_Activity_
Exactly as written, print every line of the listing below and omit its pictures.

_Supplied data_
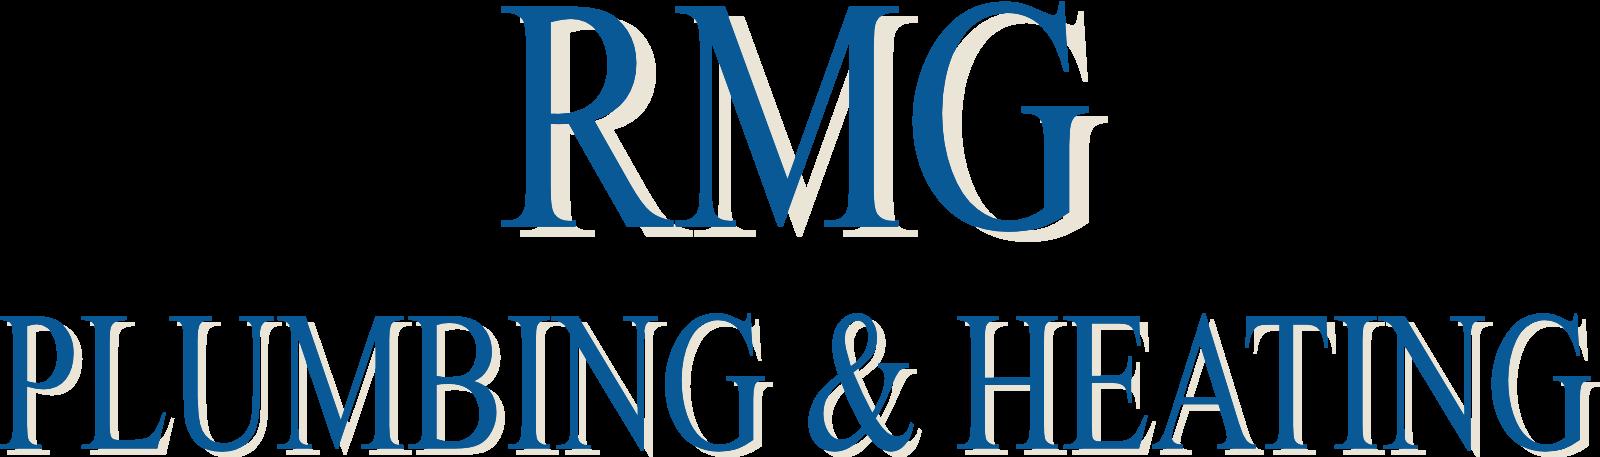 RMG Plumbing & Heating
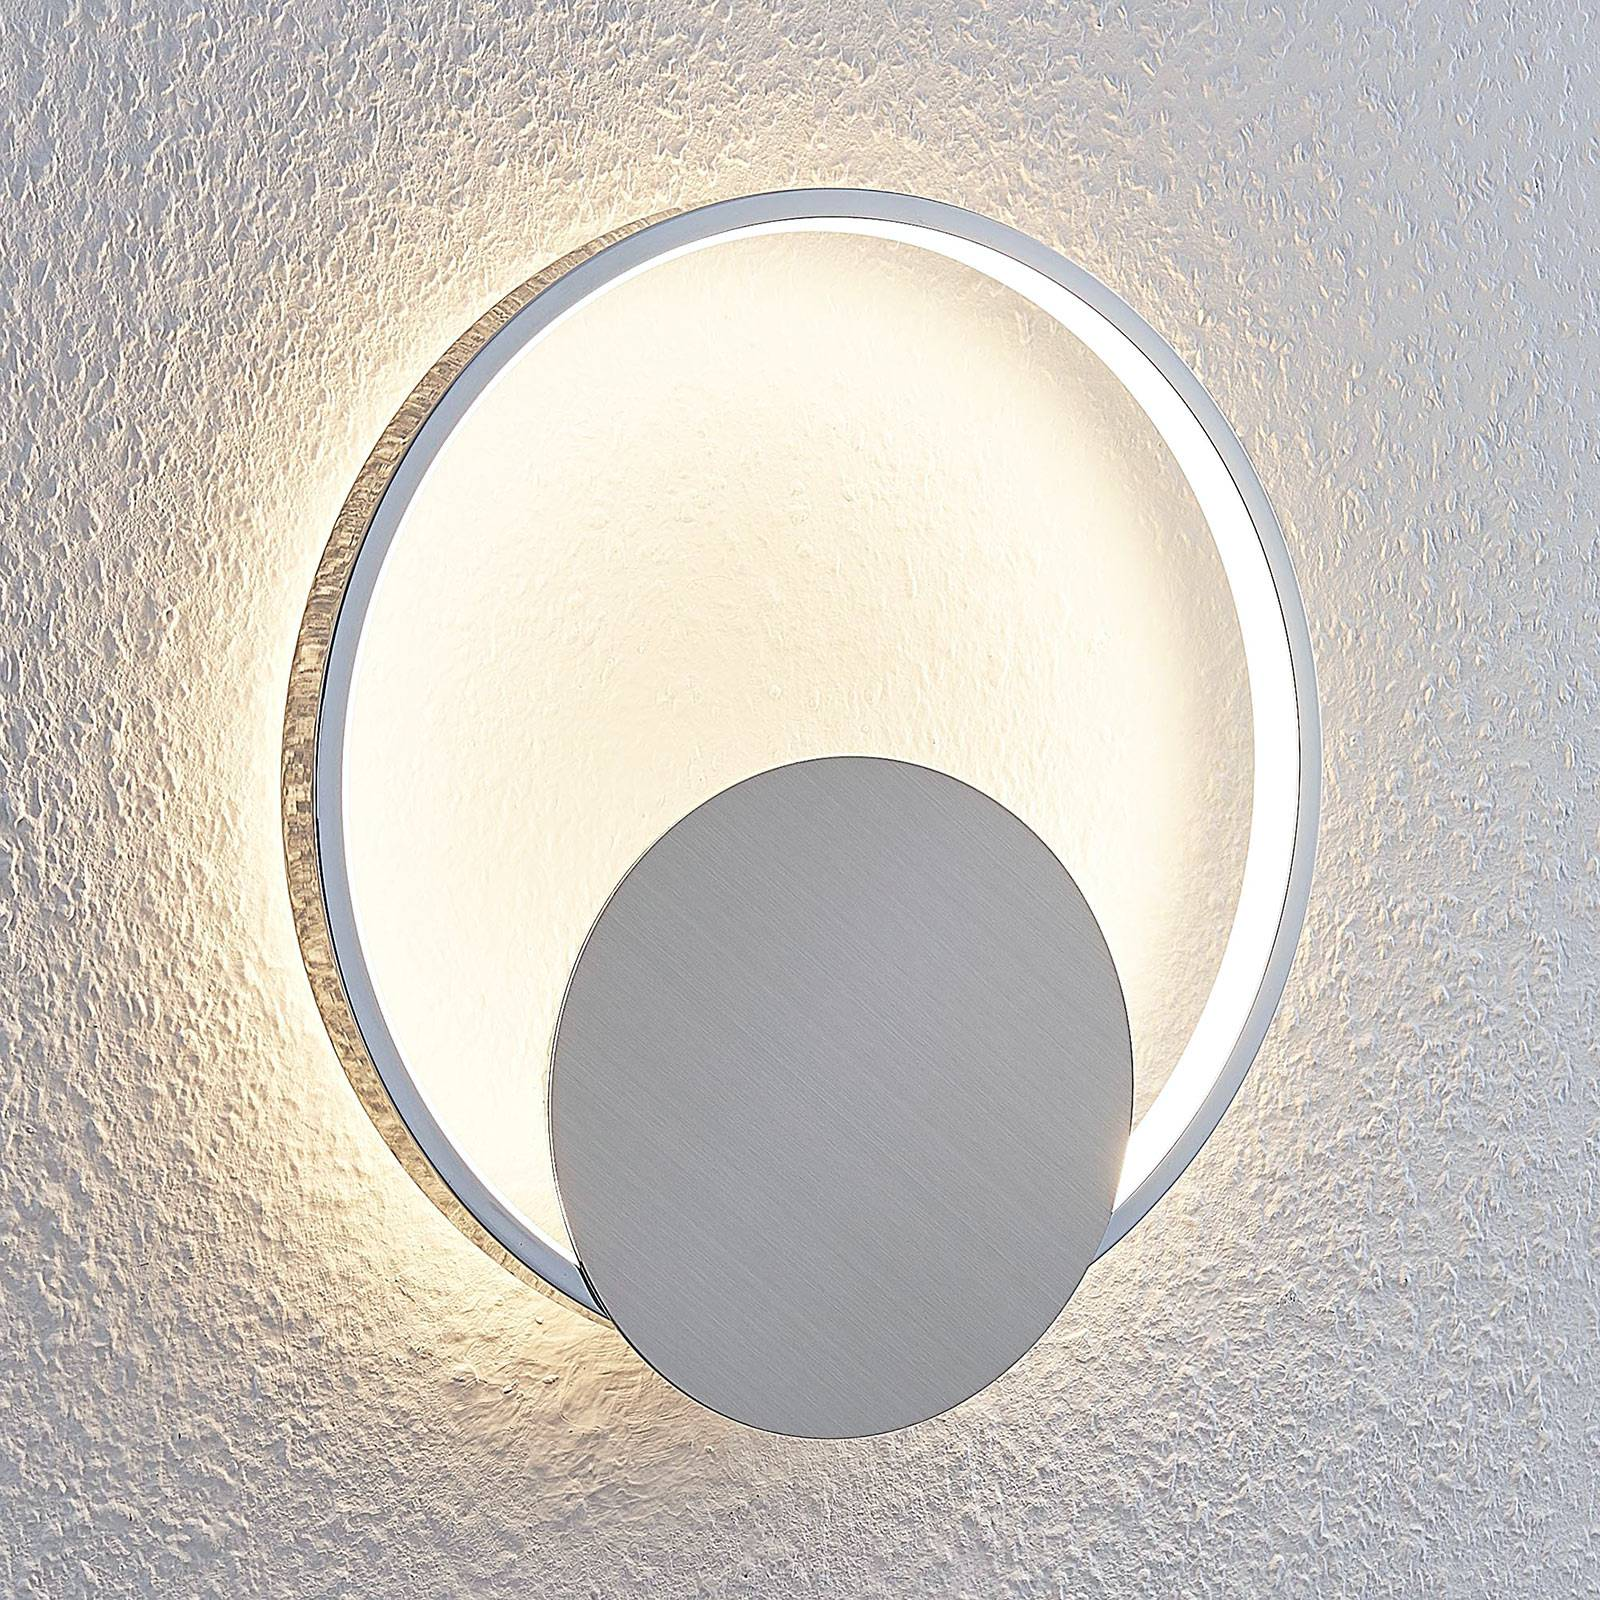 LED-seinävalaisin Anays, pyöreä, 32 cm
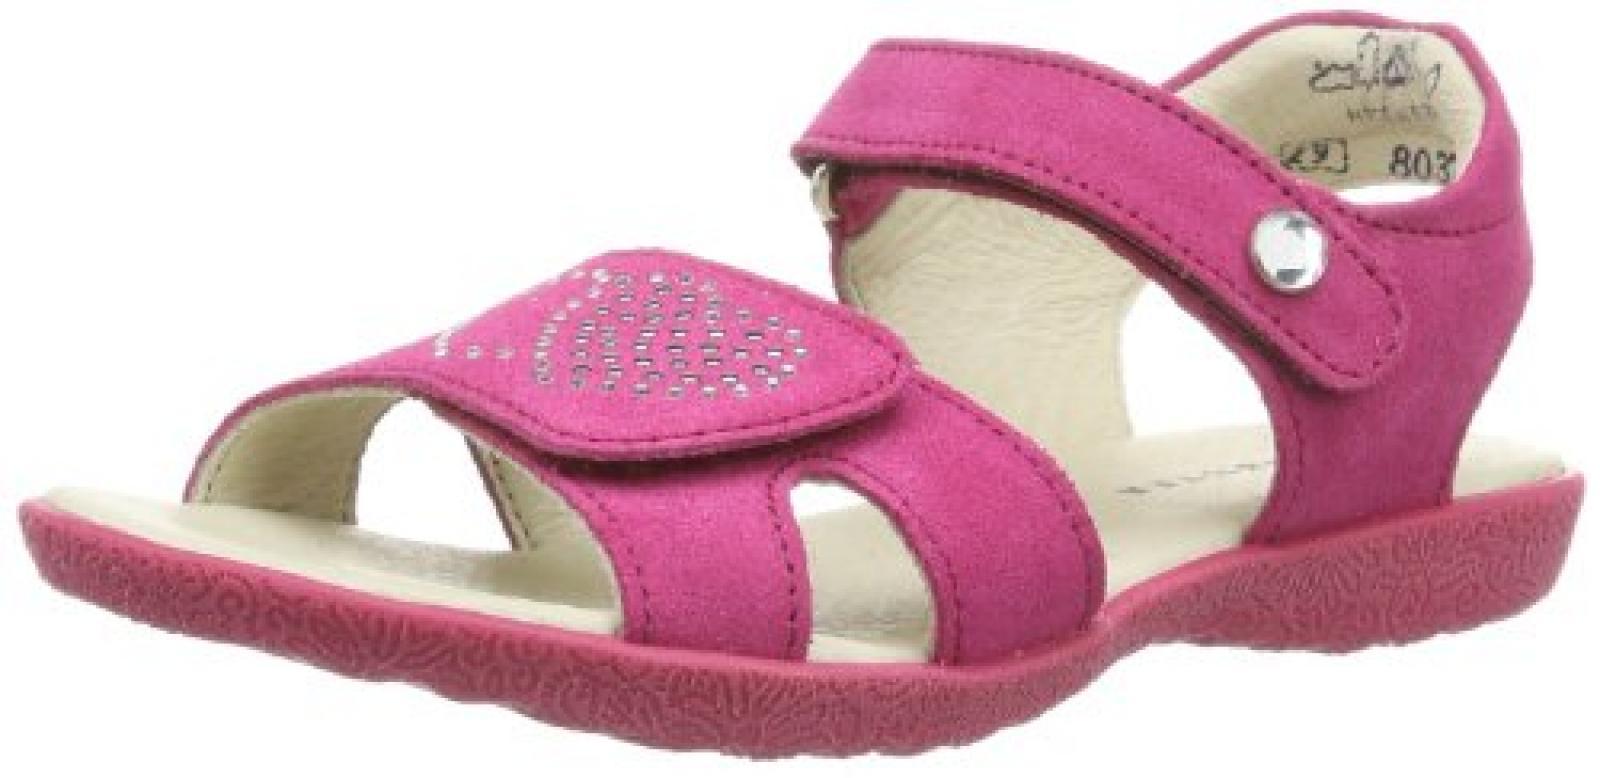 Richter Kinderschuhe Sissi 5001-321-7200 Mädchen Sandalen
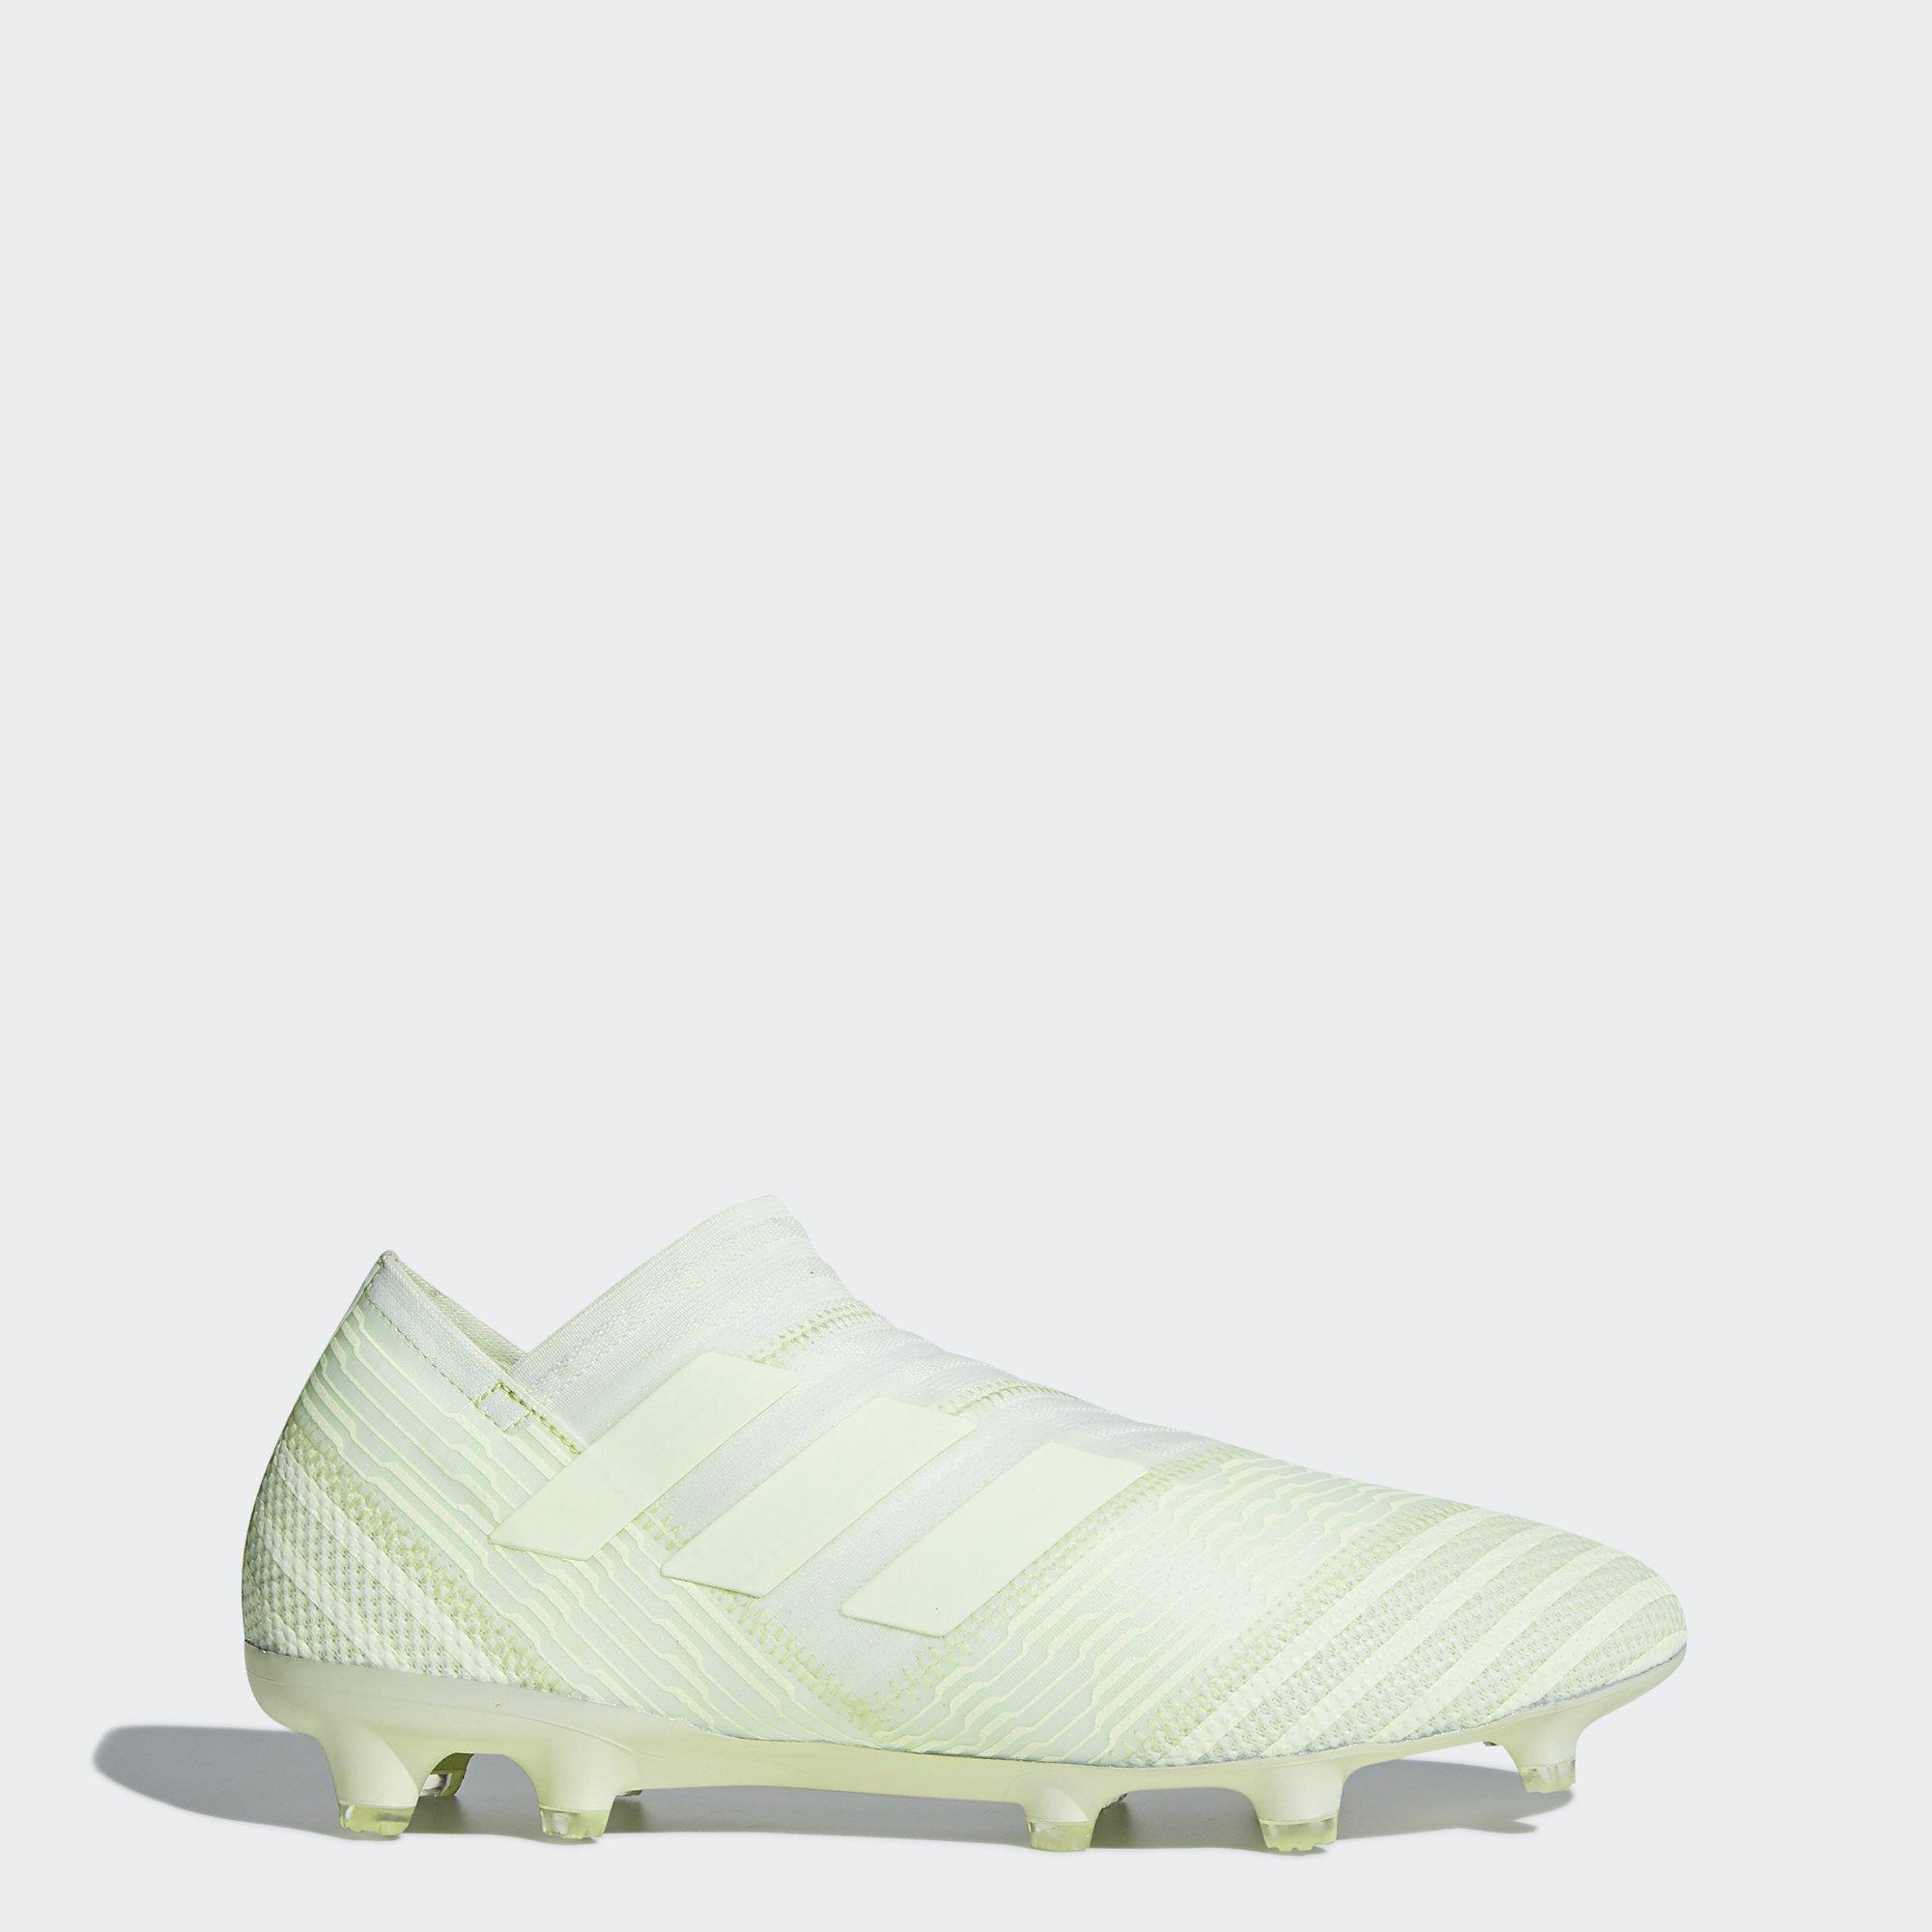 separation shoes 1979d 83d1e adidas  adidas Performance  Buty piłkarskie  Deadlystrike

_Exercise result_
 RMG Plumbing & Heating
 LED-seinävalaisin Anays, pyöreä, 32 cm
 Richter Kinderschuhe Sissi 5001-321-7200 Mädchen Sandalen
 separation shoes 1979d 83d1e adidas  adidas Performance  Buty piłkarskie  Deadlystrike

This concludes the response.